■ **PROBLEM STATEMENT**: Make an exact copy of all the records, one that contains none of the pictures.

[Saved entries]
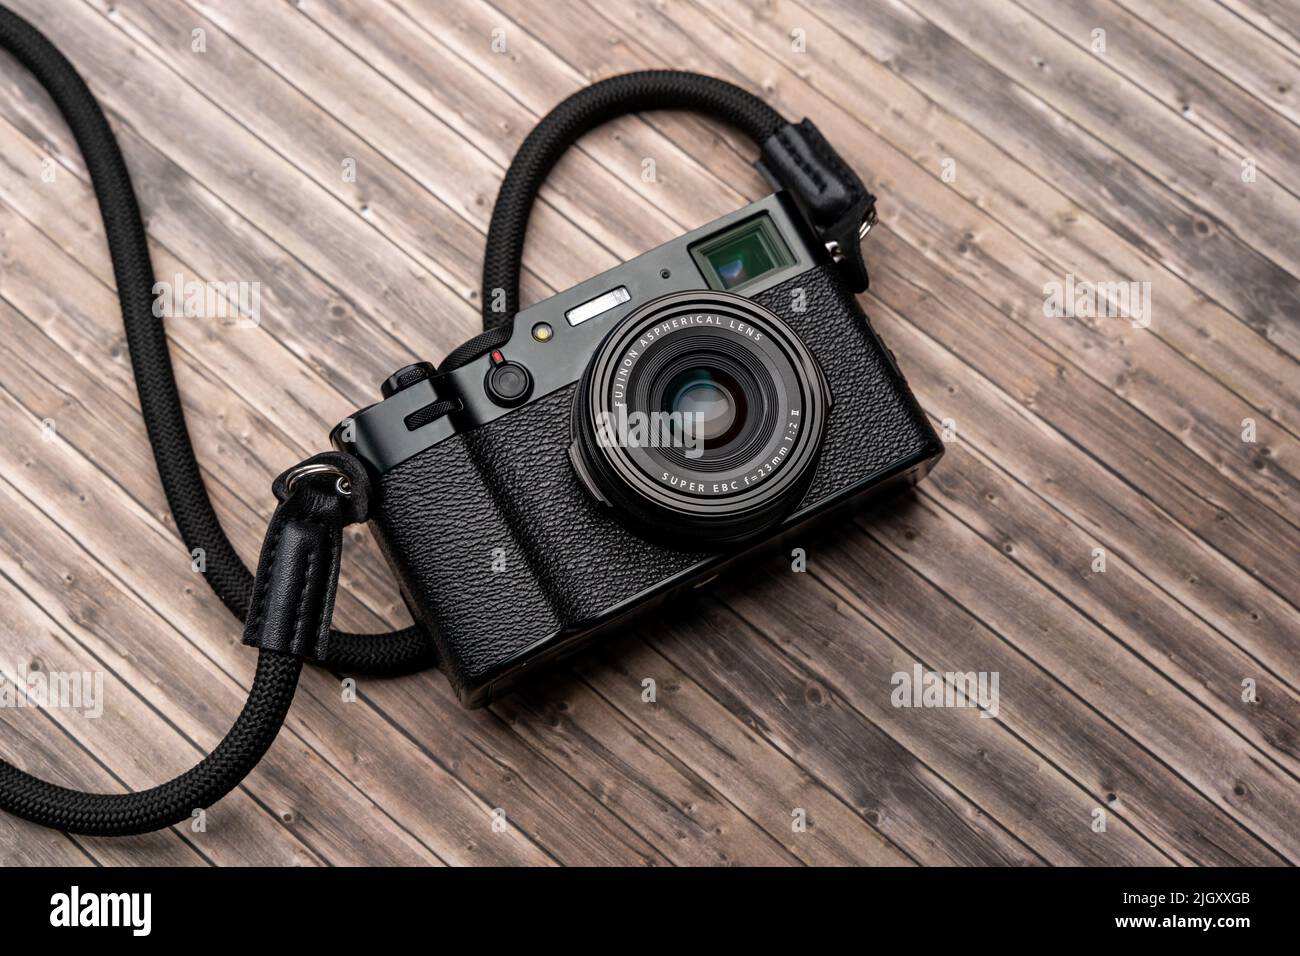 Fujifilm X100V compact camera with a fixed 23 mm Fujinon prime lens. Vintage design photo camera for creative people and photographers. Easy to use. Stock Photo
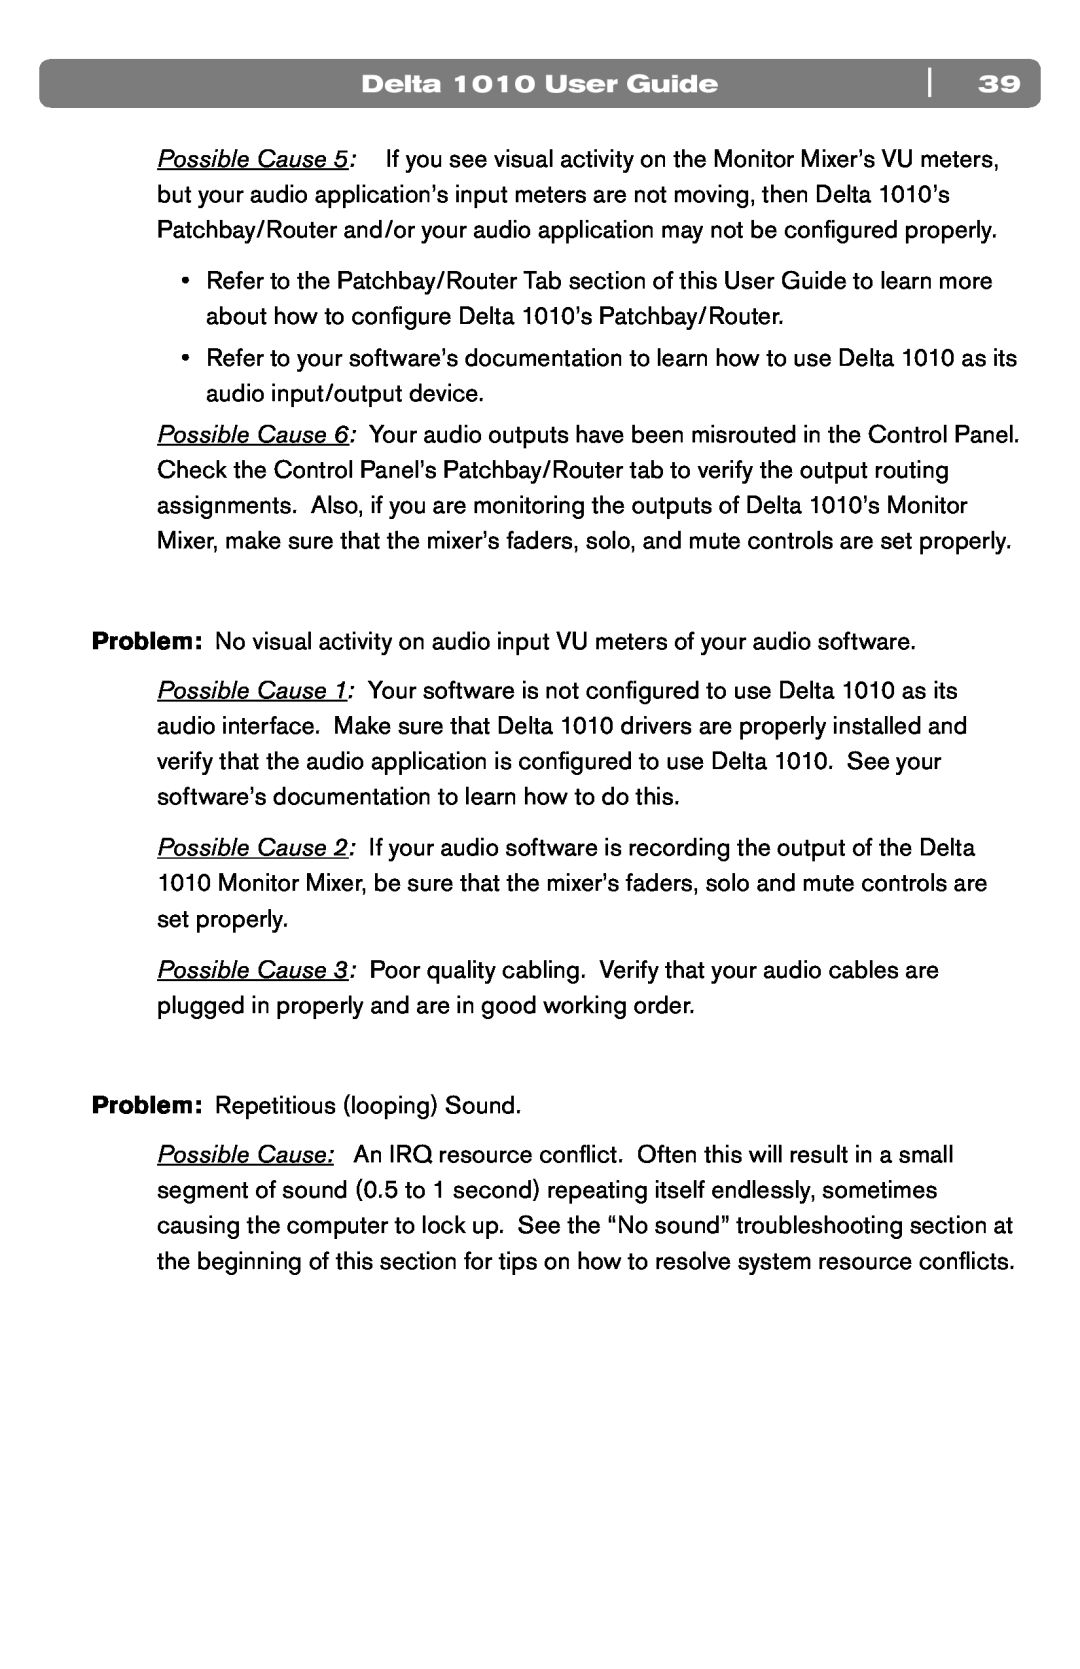 M-Audio DELTA 1010 manual Delta 1010 User Guide, Problem Repetitious looping Sound 
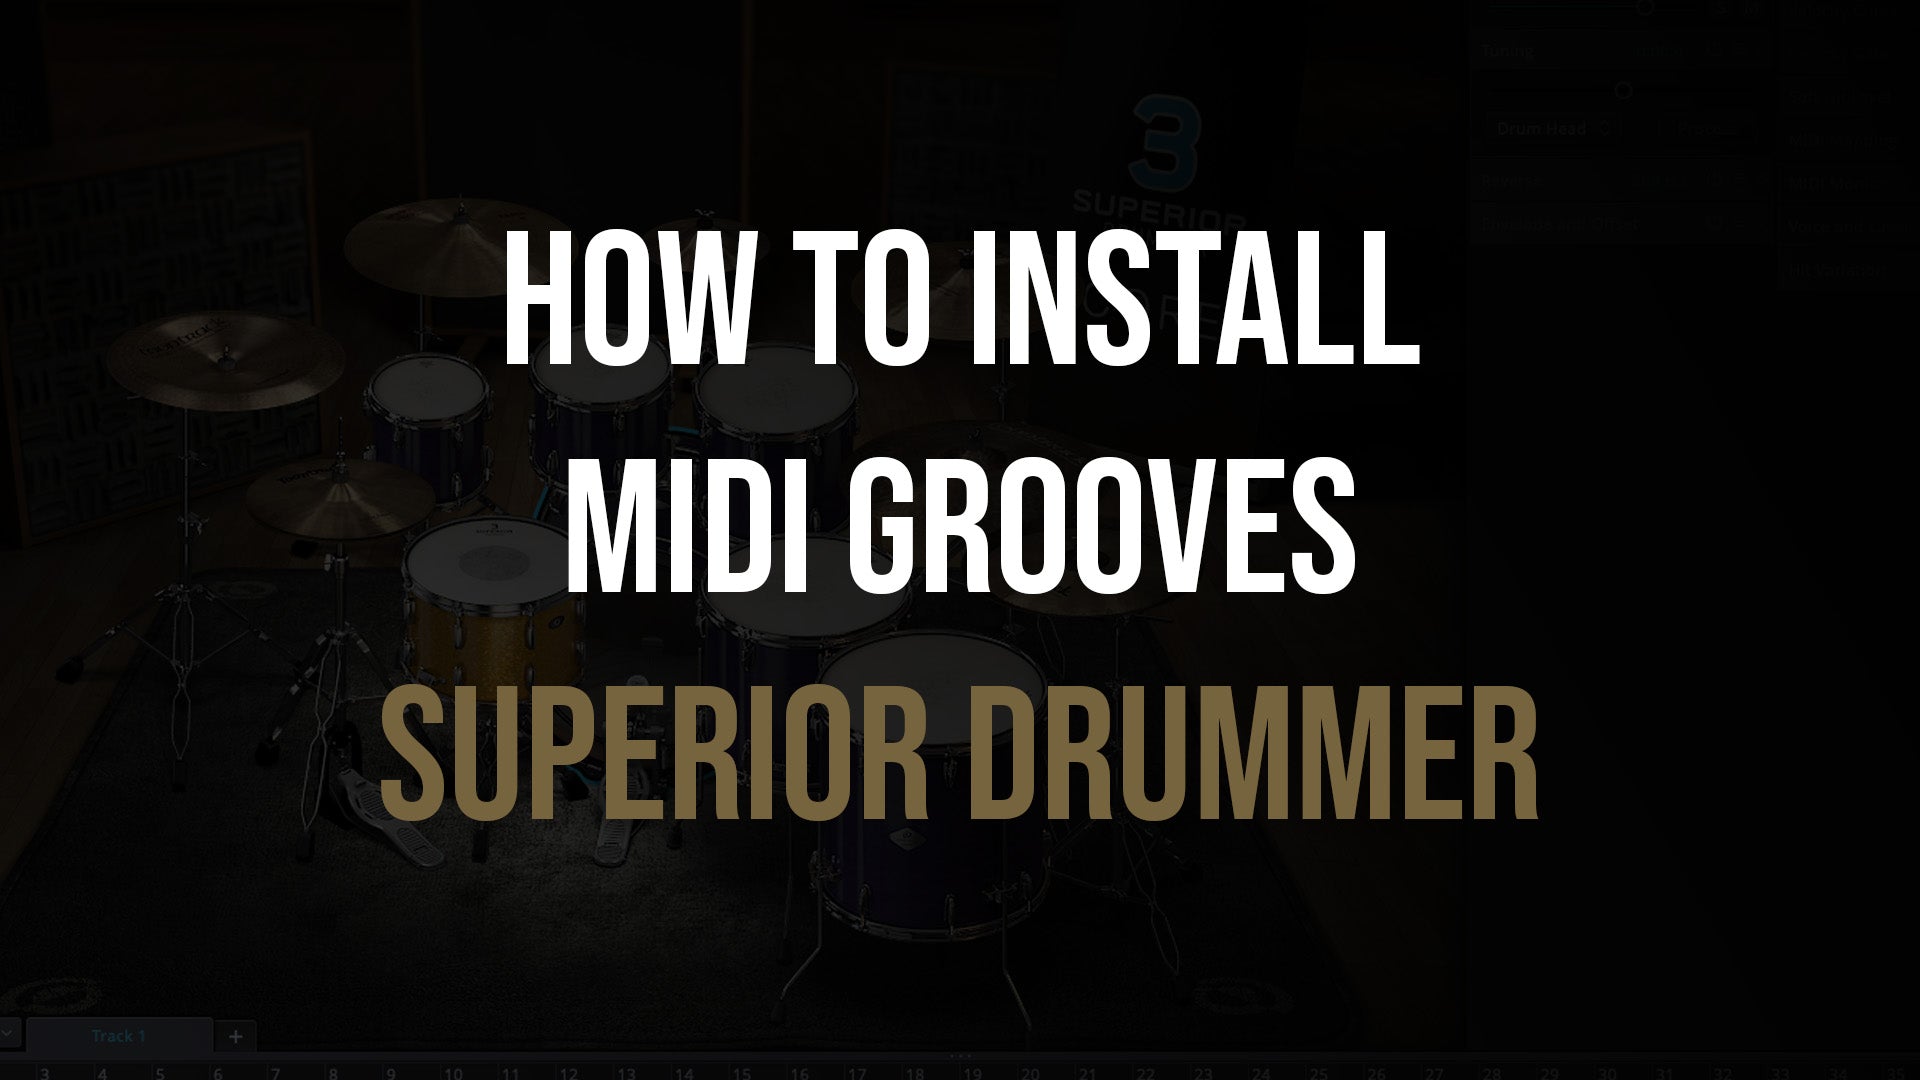 How to Install Loudstakk MIDI Grooves into Superior Drummer
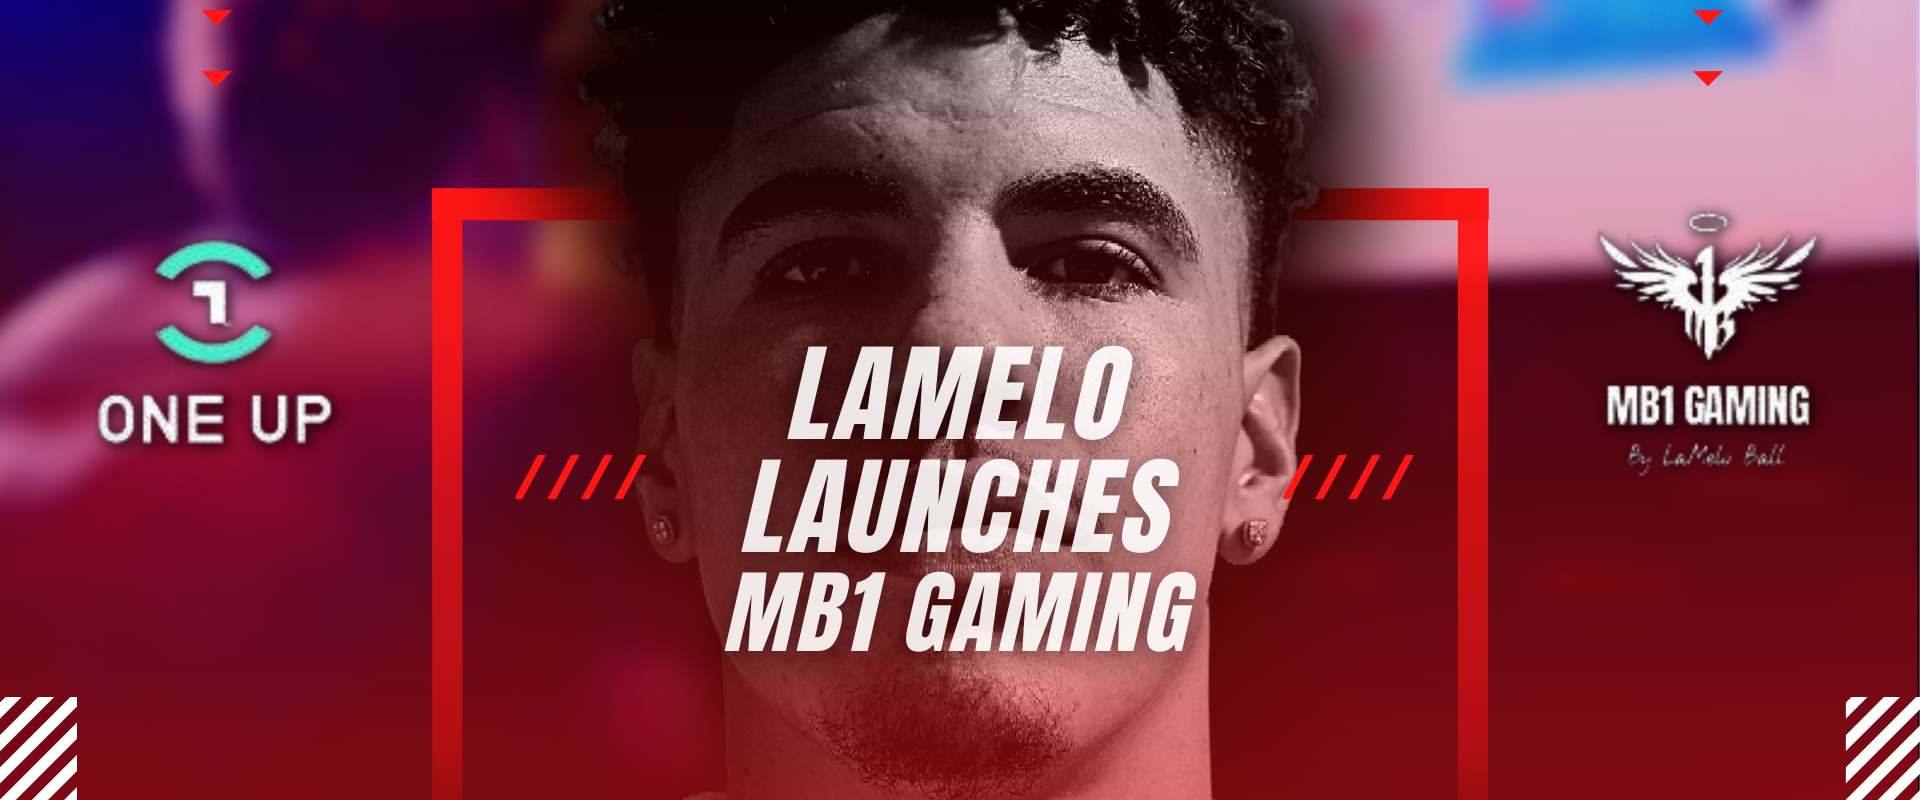 1920x1080_LaMelo Ball enters the eSports scene with MB1 Gaming
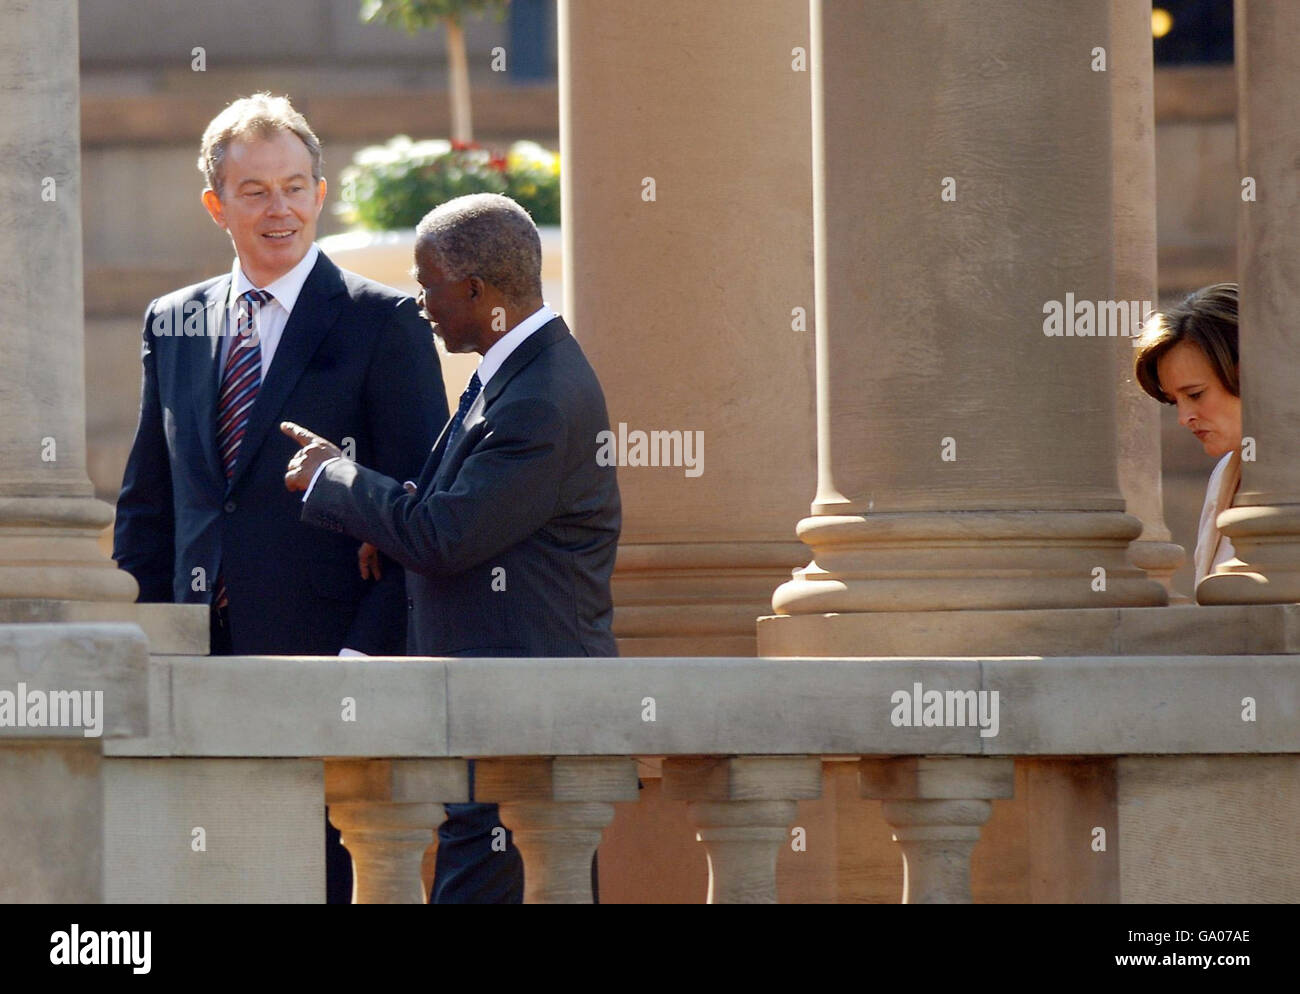 Prime Minister Tony Blair and his wife Cherie meet South African President Thabo Mbeki at the Union Buildings in the South African capital of Pretoria. Stock Photo

■ **RESPONSE TO THE TASK**:
 Fujifilm X100V compact camera with a fixed 23 mm Fujinon prime lens. Vintage design photo camera for creative people and photographers. Easy to use. Stock Photo
 M-Audio DELTA 1010 manual Delta 1010 User Guide, Problem Repetitious looping Sound 
 How to Install Loudstakk MIDI Grooves into Superior Drummer
 1920x1080_LaMelo Ball enters the eSports scene with MB1 Gaming
 Prime Minister Tony Blair and his wife Cherie meet South African President Thabo Mbeki at the Union Buildings in the South African capital of Pretoria. Stock Photo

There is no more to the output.